ABOUT THIS TASK:
Dropping every picture, set down exactly the lines in the entries below, starting with the line with "Коробка подарочная Magic" and going on through the line with "1251 Rockefeller Center, New".

GIVEN INFORMATION:

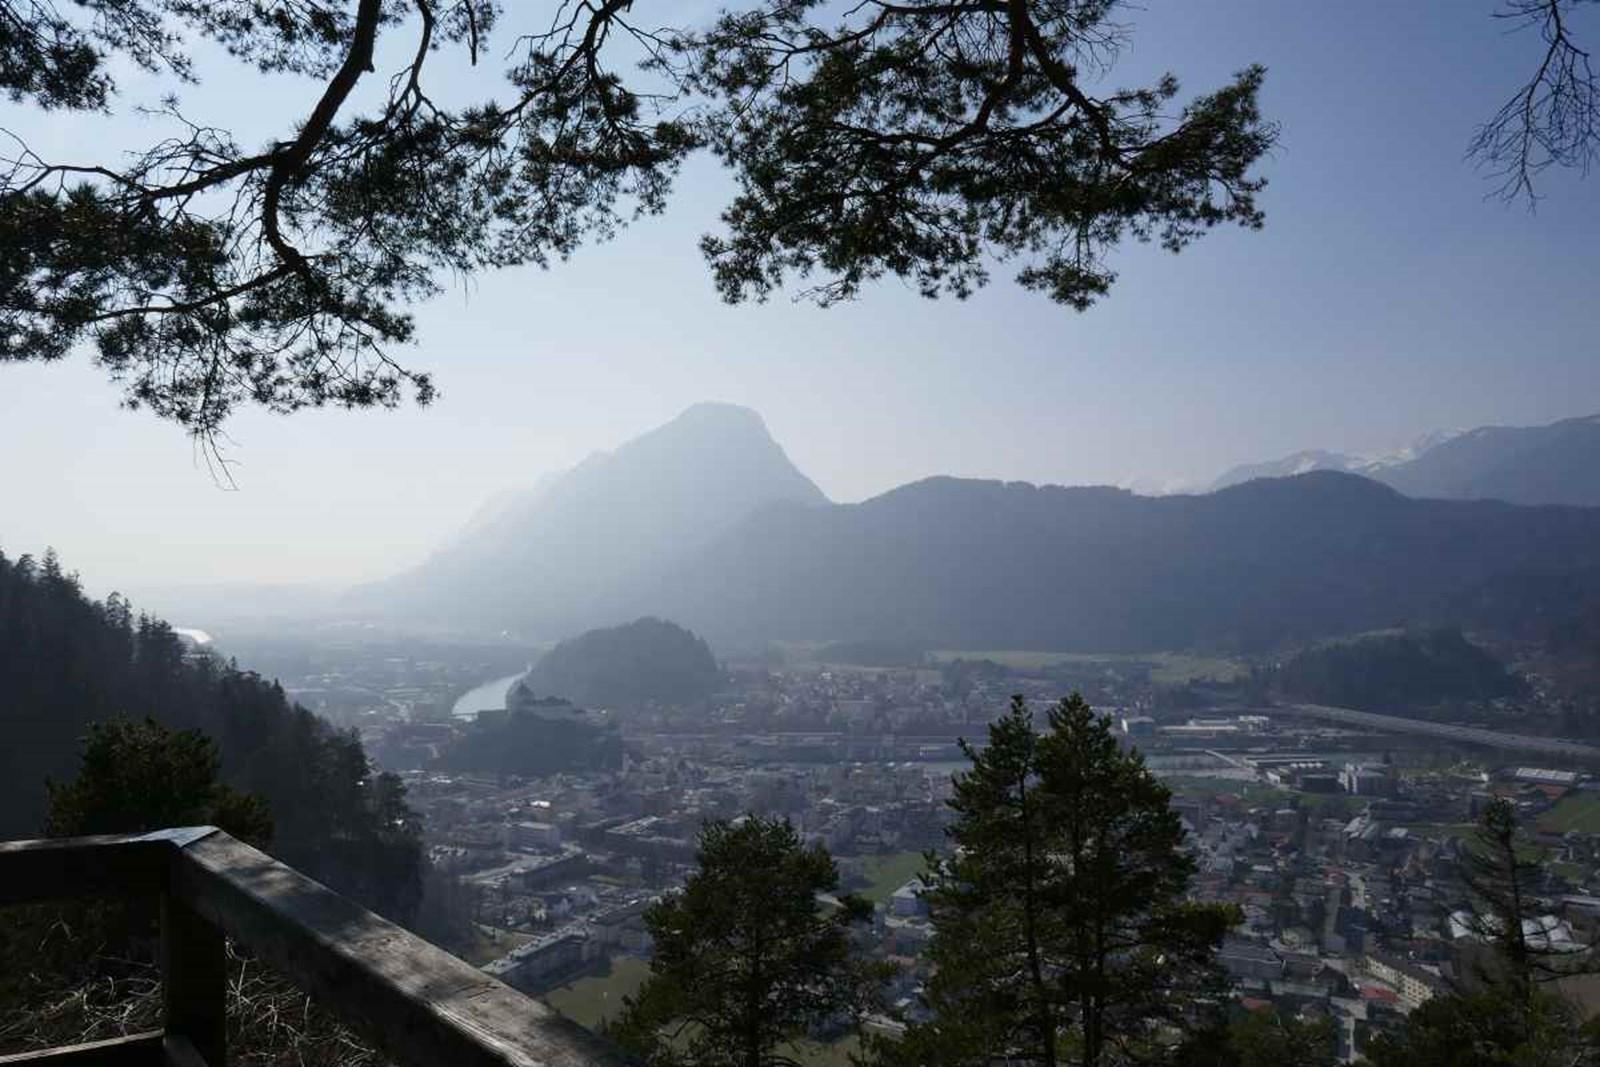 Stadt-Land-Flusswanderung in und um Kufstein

...

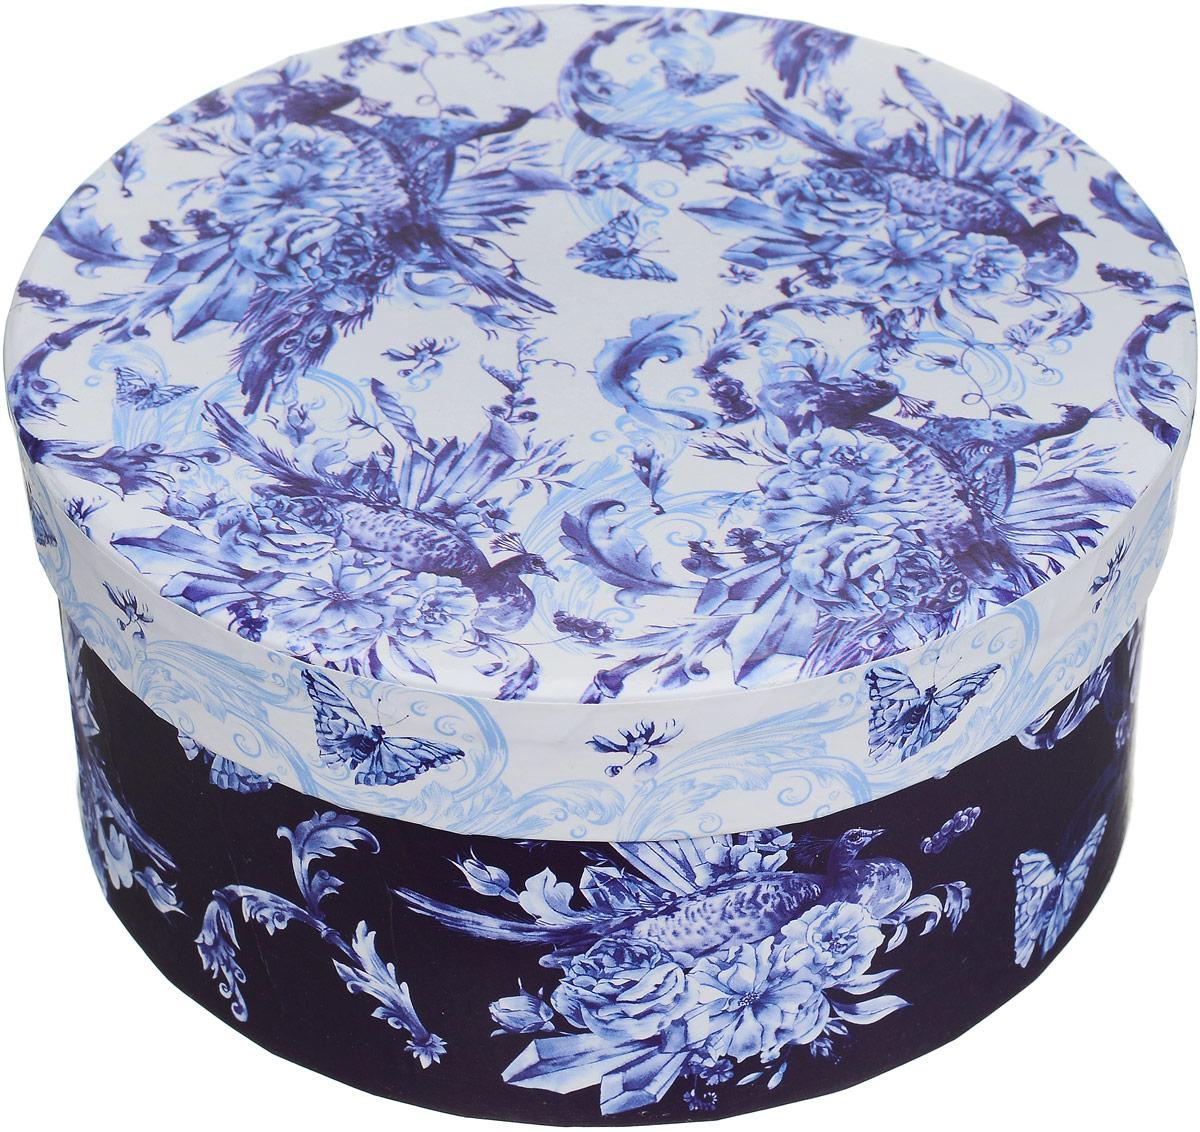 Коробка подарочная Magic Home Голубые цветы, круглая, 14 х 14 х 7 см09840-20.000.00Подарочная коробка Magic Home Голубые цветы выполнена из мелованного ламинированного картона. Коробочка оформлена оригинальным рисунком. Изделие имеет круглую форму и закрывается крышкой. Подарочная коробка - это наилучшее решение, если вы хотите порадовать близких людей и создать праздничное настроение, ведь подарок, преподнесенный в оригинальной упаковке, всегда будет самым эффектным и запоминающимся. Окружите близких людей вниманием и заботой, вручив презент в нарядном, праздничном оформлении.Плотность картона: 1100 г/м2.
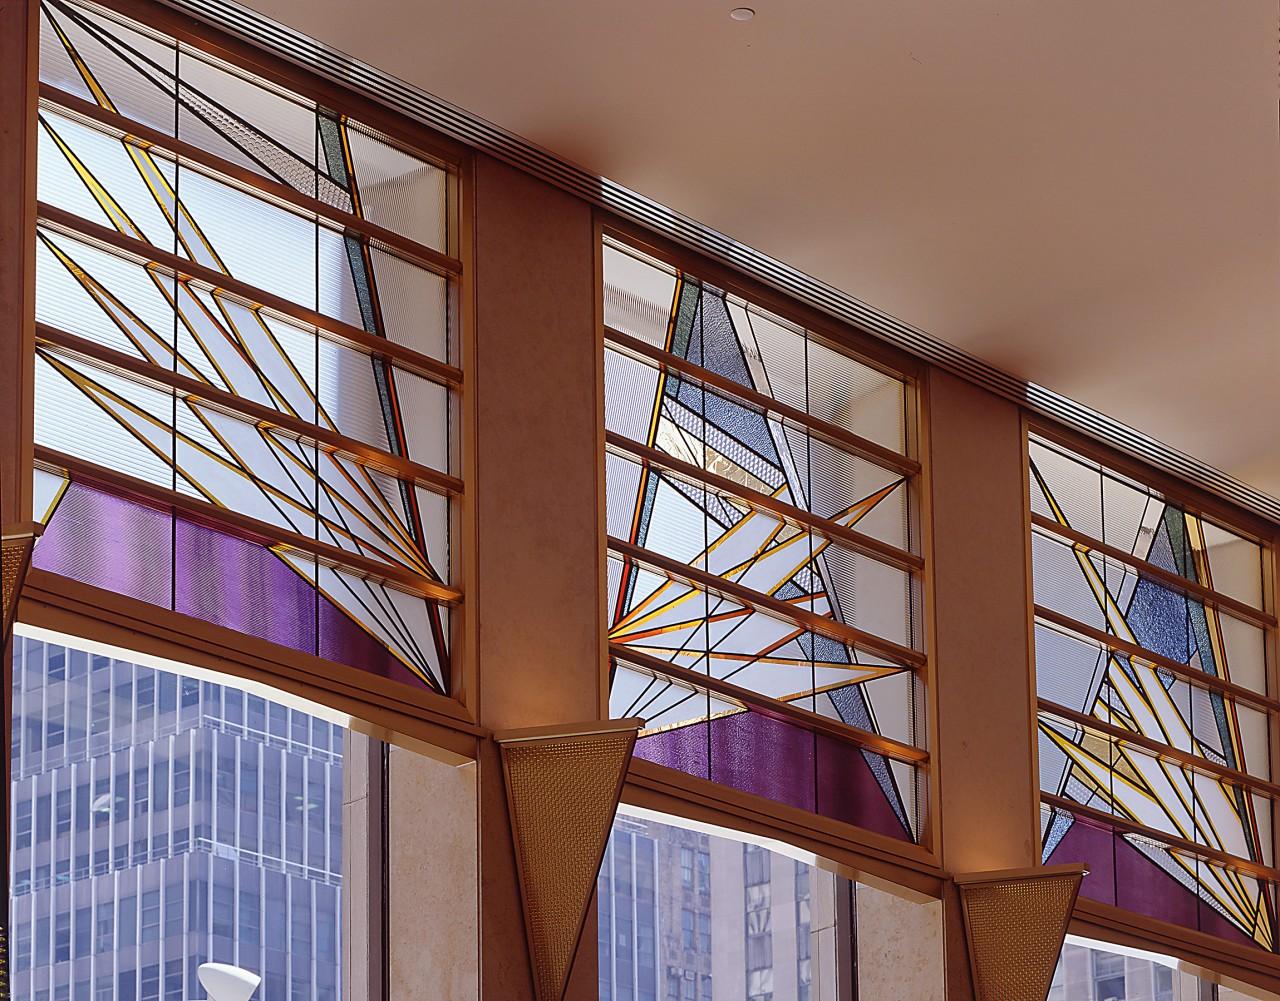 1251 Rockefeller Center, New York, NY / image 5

---

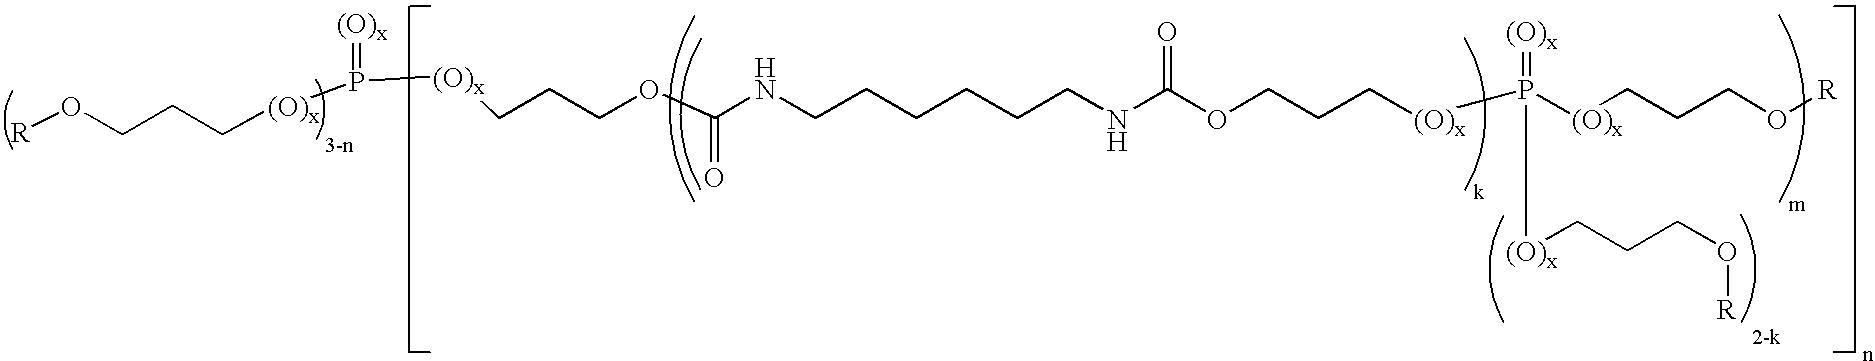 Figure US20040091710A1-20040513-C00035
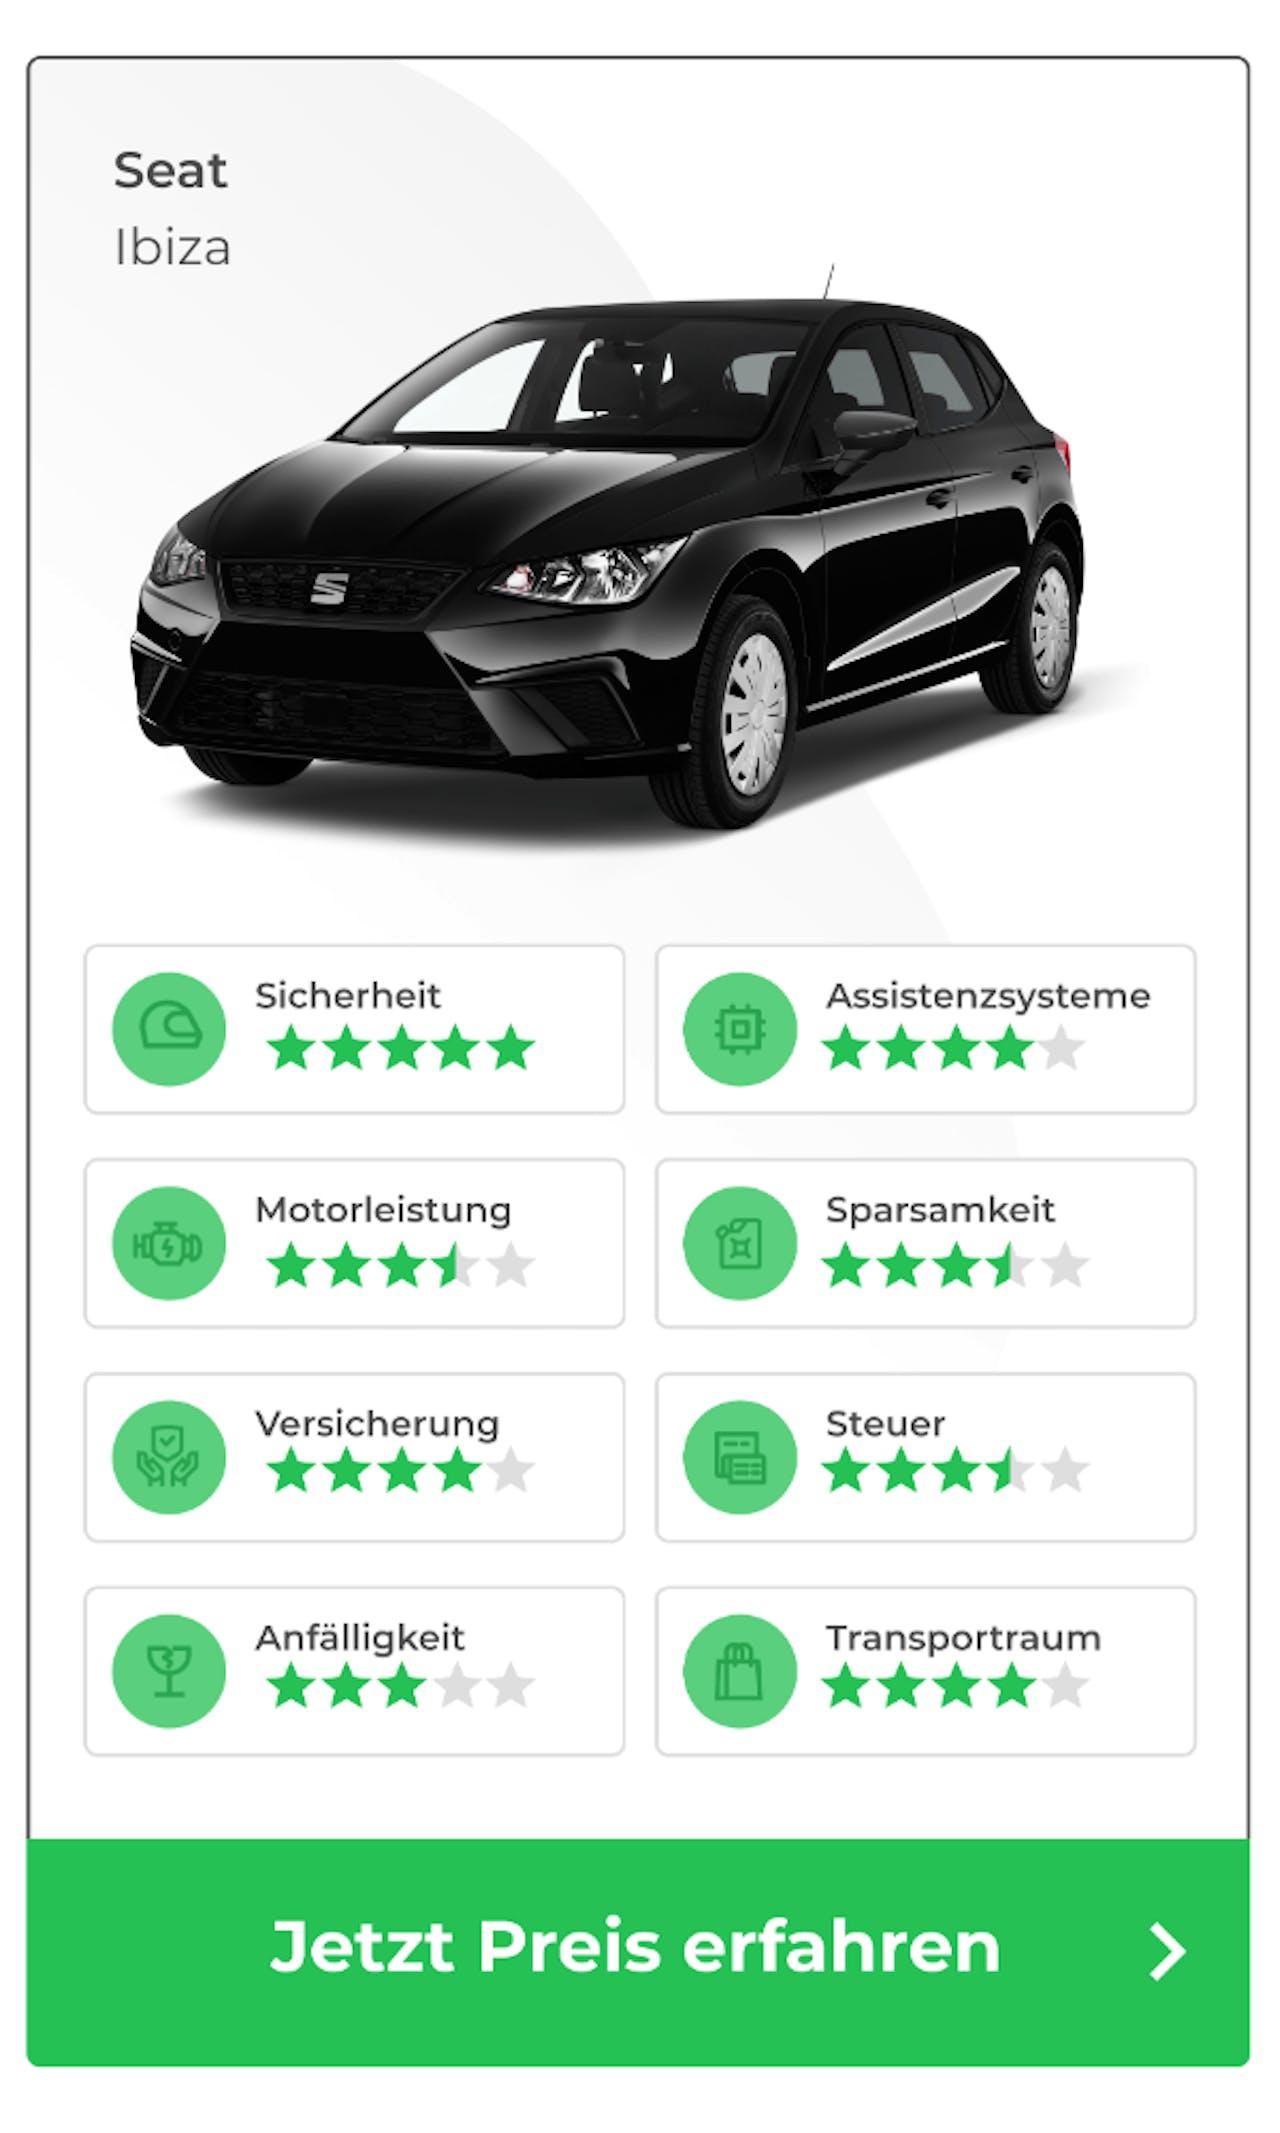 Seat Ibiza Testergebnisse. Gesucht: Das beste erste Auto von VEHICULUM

OUTPUT FOR THIS TASK:
 Коробка подарочная Magic Home Голубые цветы, круглая, 14 х 14 х 7 см09840-20.000.00Подарочная коробка Magic Home Голубые цветы выполнена из мелованного ламинированного картона. Коробочка оформлена оригинальным рисунком. Изделие имеет круглую форму и закрывается крышкой. Подарочная коробка - это наилучшее решение, если вы хотите порадовать близких людей и создать праздничное настроение, ведь подарок, преподнесенный в оригинальной упаковке, всегда будет самым эффектным и запоминающимся. Окружите близких людей вниманием и заботой, вручив презент в нарядном, праздничном оформлении.Плотность картона: 1100 г/м2.
 1251 Rockefeller Center, New York, NY / image 5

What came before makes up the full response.